KCNQ channels are critical determinants of neuronal excitability, thus emerging as a novel target of anti-epileptic drugs. To date, the mechanisms of KCNQ channel modulation have been mostly characterized to be inhibitory via Gq-coupled receptors, Ca(2+)/CaM, and protein kinase C. Here we demonstrate that methylation of KCNQ by protein arginine methyltransferase 1 (Prmt1) positively regulates KCNQ channel activity, thereby preventing neuronal hyperexcitability. Prmt1+/- mice exhibit epileptic seizures.
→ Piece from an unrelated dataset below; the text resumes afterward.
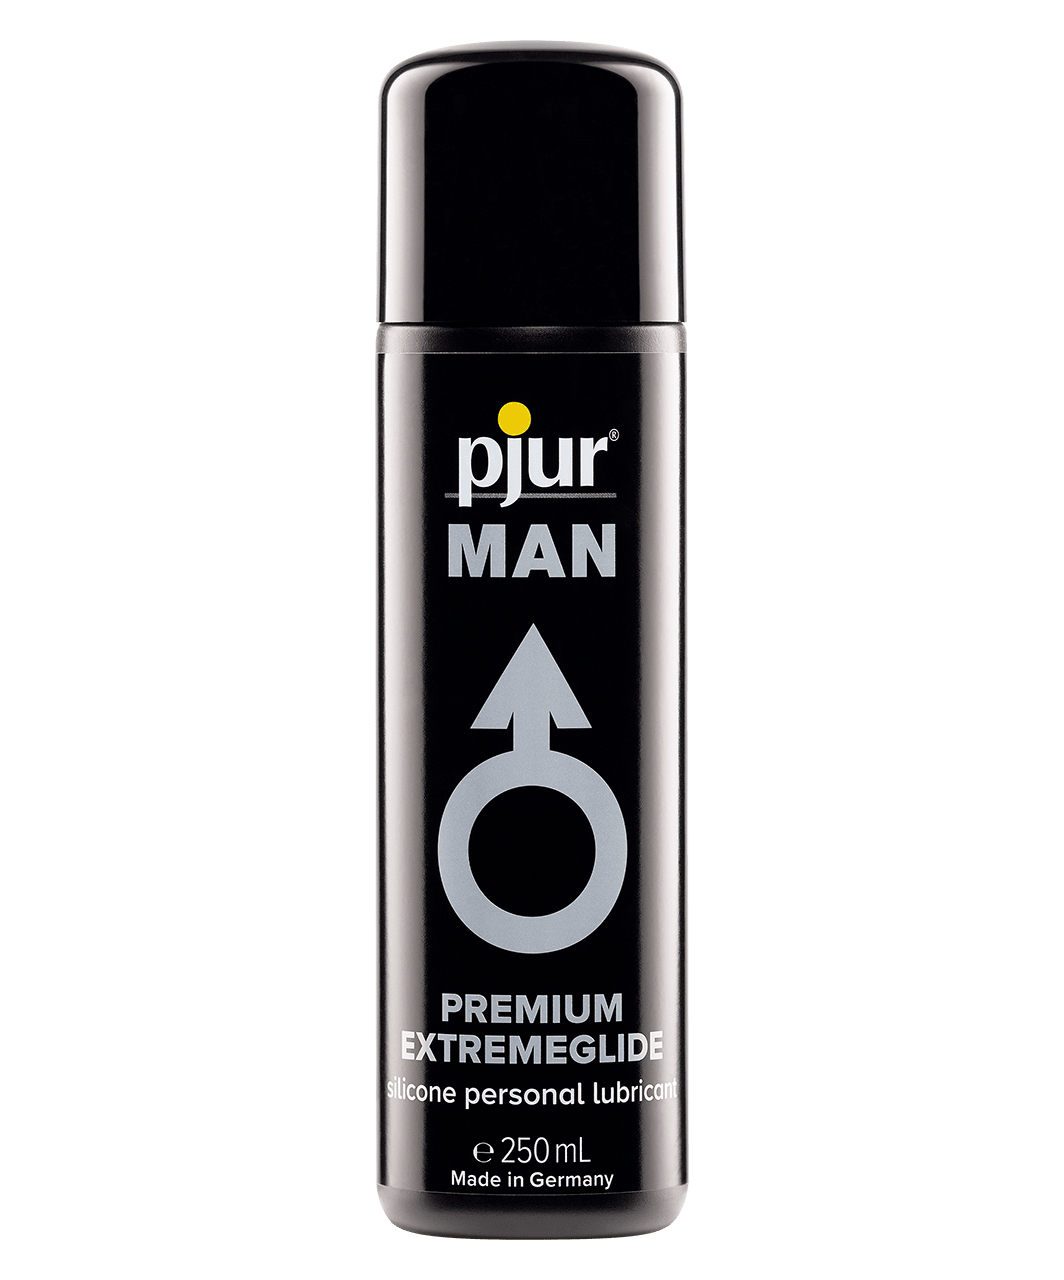 pjur Man Premium Extremeglide lubrikants (100 / 250 ml)

Methylation of KCNQ2 channels at 4 arginine residues by Prmt1 enhances PIP2 binding, and Prmt1 depletion lowers PIP2 affinity of KCNQ2 channels and thereby the channel activities. Consistently, exogenous PIP2 addition to Prmt1+/- neurons restores KCNQ currents and neuronal excitability to the WT level. Collectively, we propose that Prmt1-dependent facilitation of KCNQ-PIP2 interaction underlies the positive regulation of KCNQ activity by arginine methylation, which may serve as a key target for prevention of neuronal hyperexcitability and seizures.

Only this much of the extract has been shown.